§ Task prompt
The pictures in the data below are to be omitted; all else must be duplicated exactly.

§ Data block

__________________________________________________

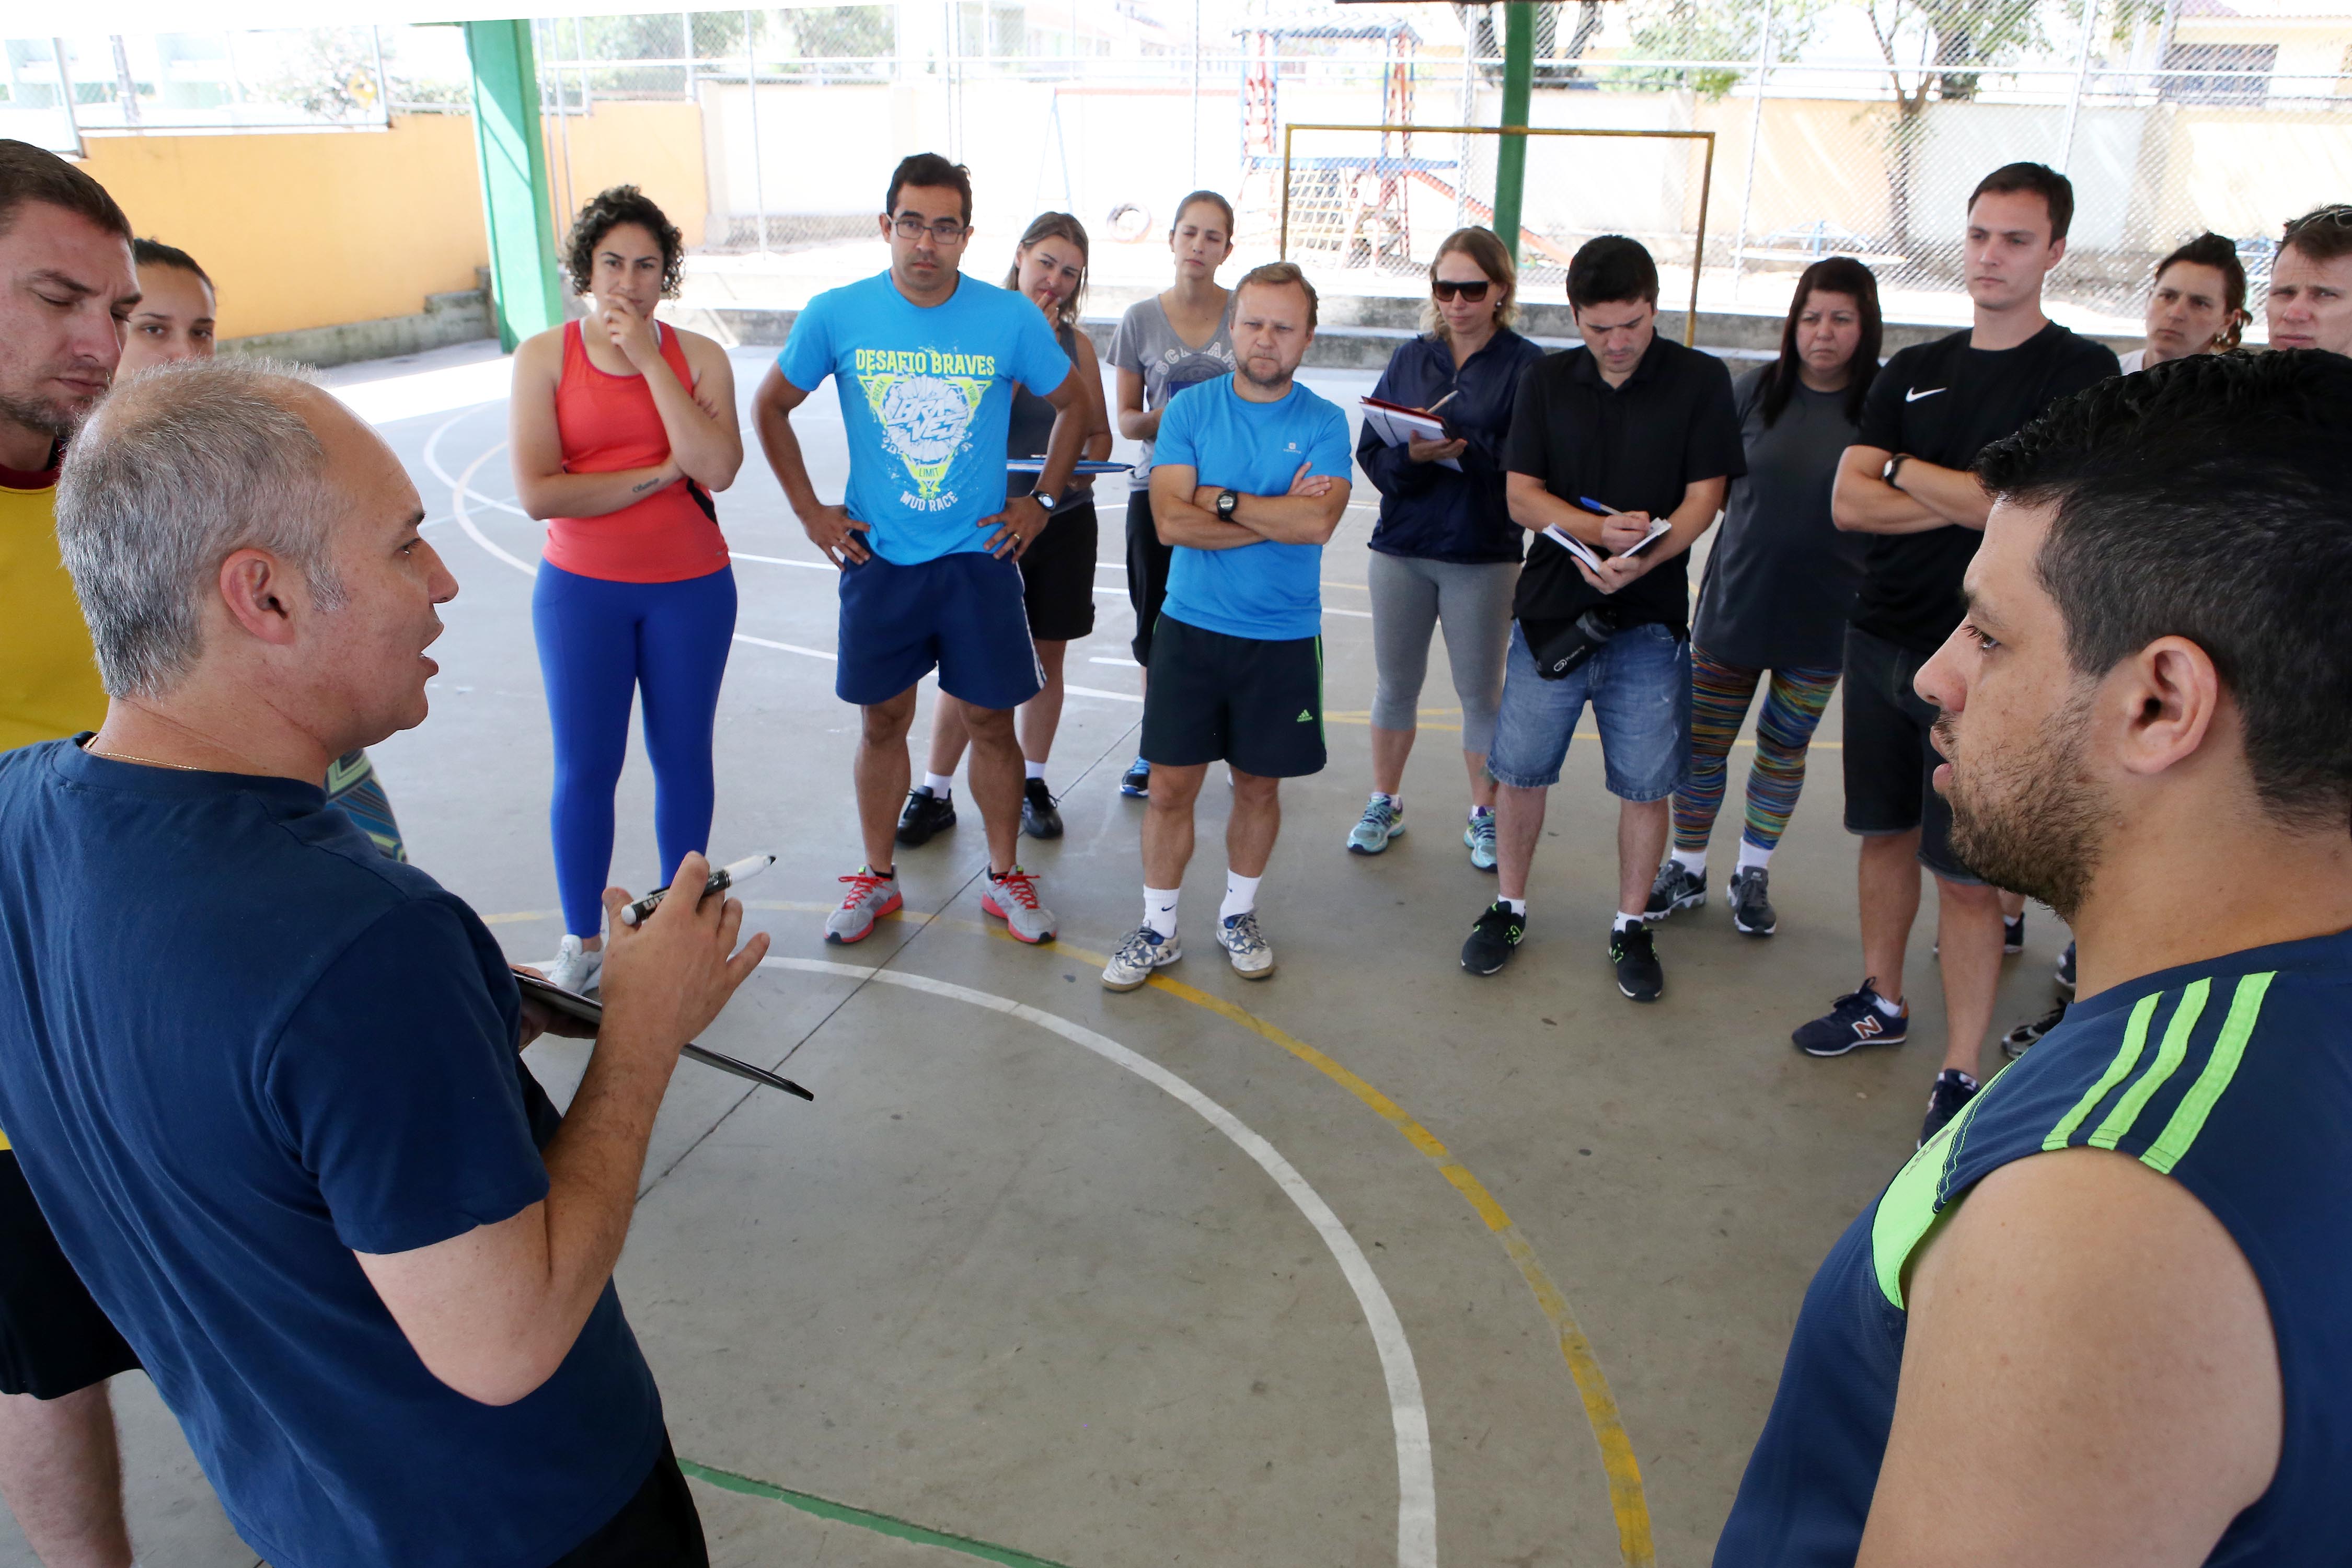 Xadrez desenvolve raciocínio de alunos de escolas municipais - Prefeitura  de Curitiba
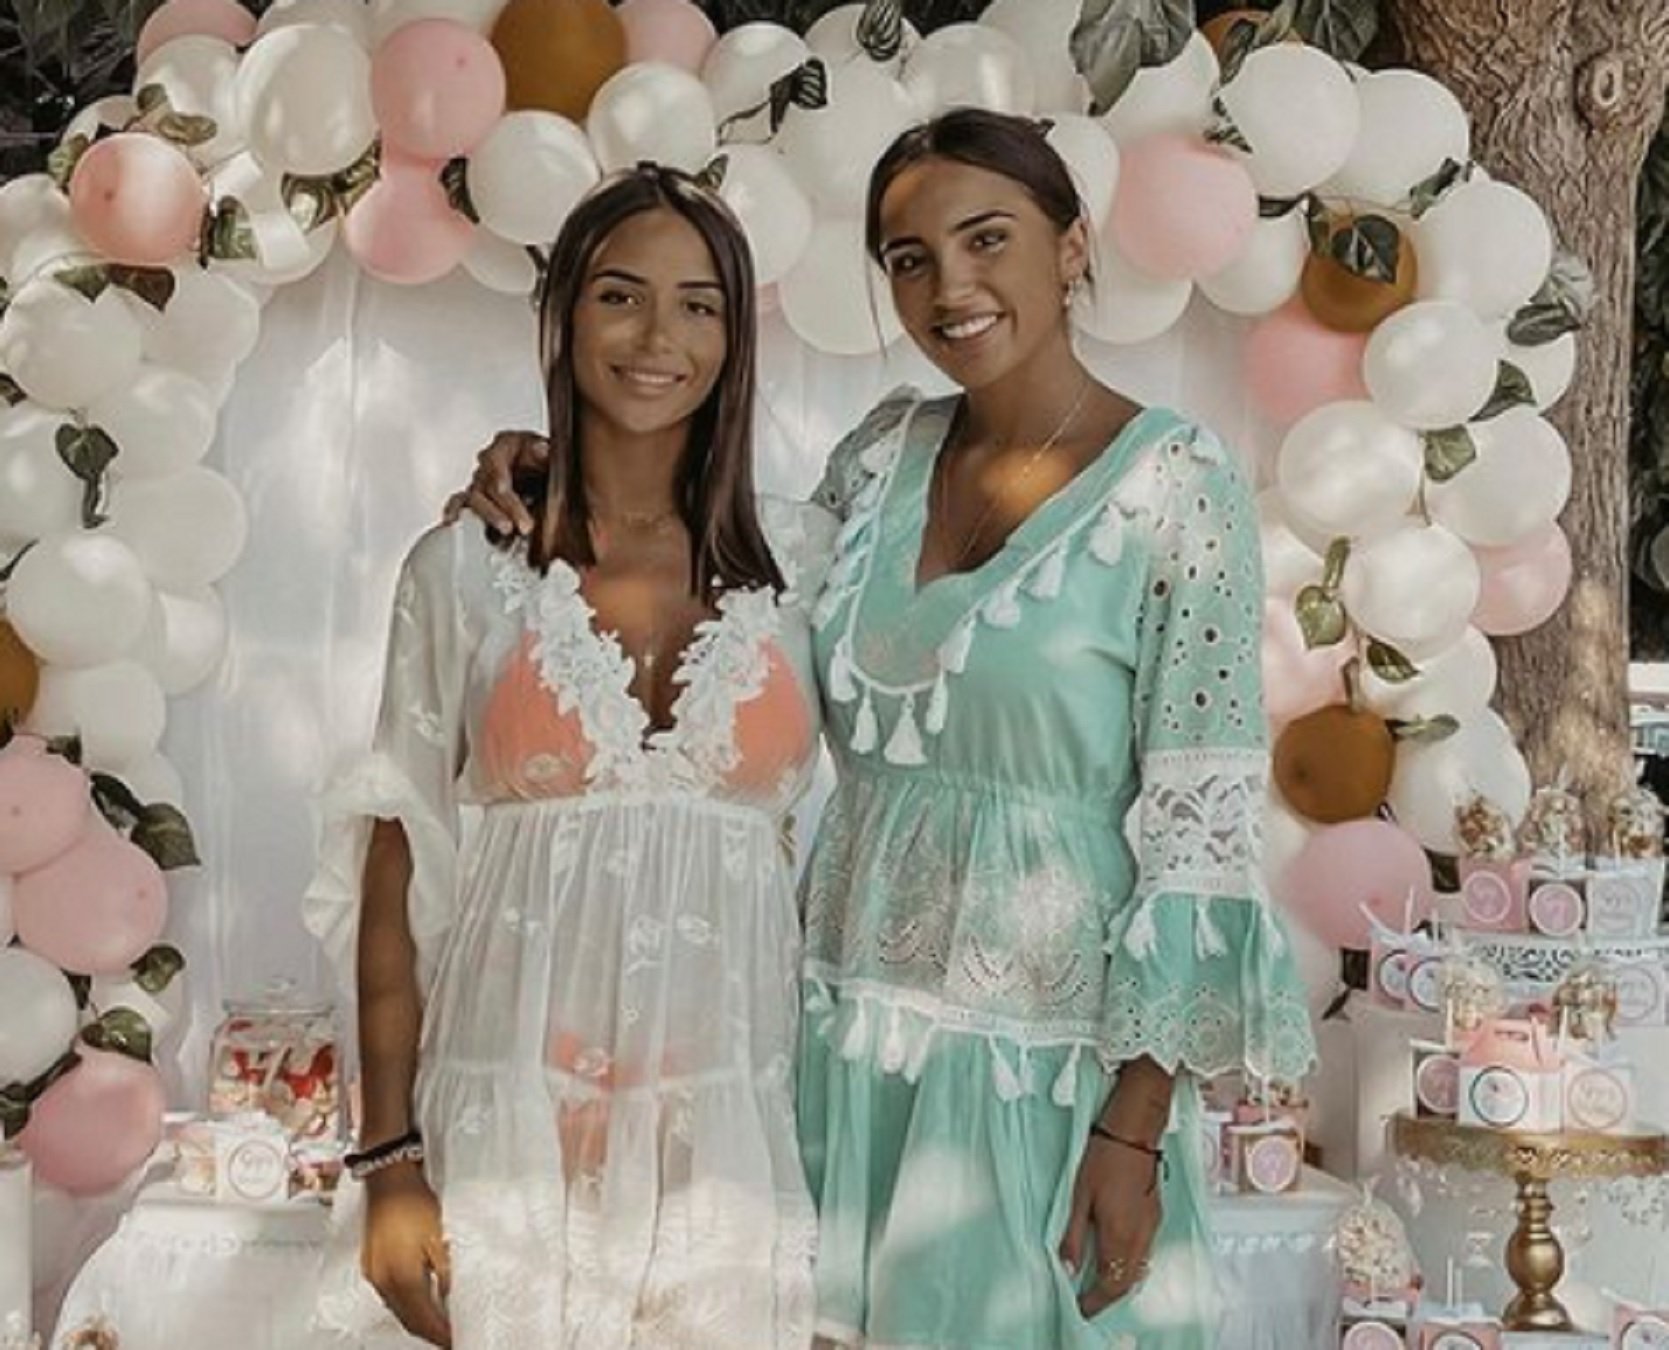 El nuevo negocio de las hermanas Pica que va como un cohete a ritmo de sold out: "Tela Marinera"
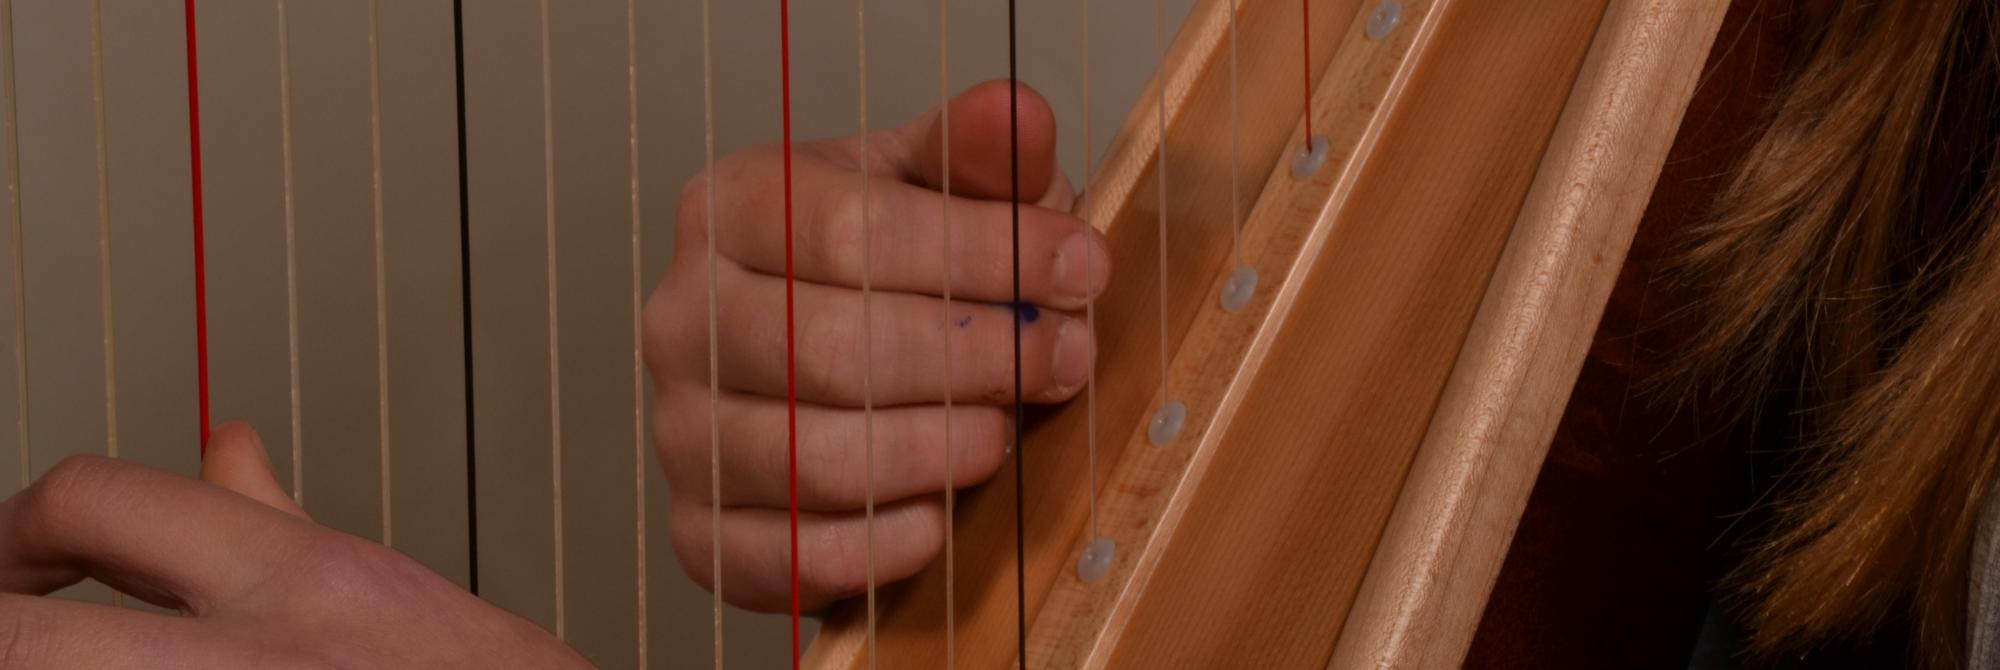 Detail van leerling die harp speelt

__________________________________________________

§ Answer to the exercise
 Xadrez desenvolve raciocínio de alunos de escolas municipais - Prefeitura  de Curitiba
 El nuevo negocio de las hermanas Pica que va como un cohete a ritmo de sold out: "Tela Marinera"
 Detail van leerling die harp speelt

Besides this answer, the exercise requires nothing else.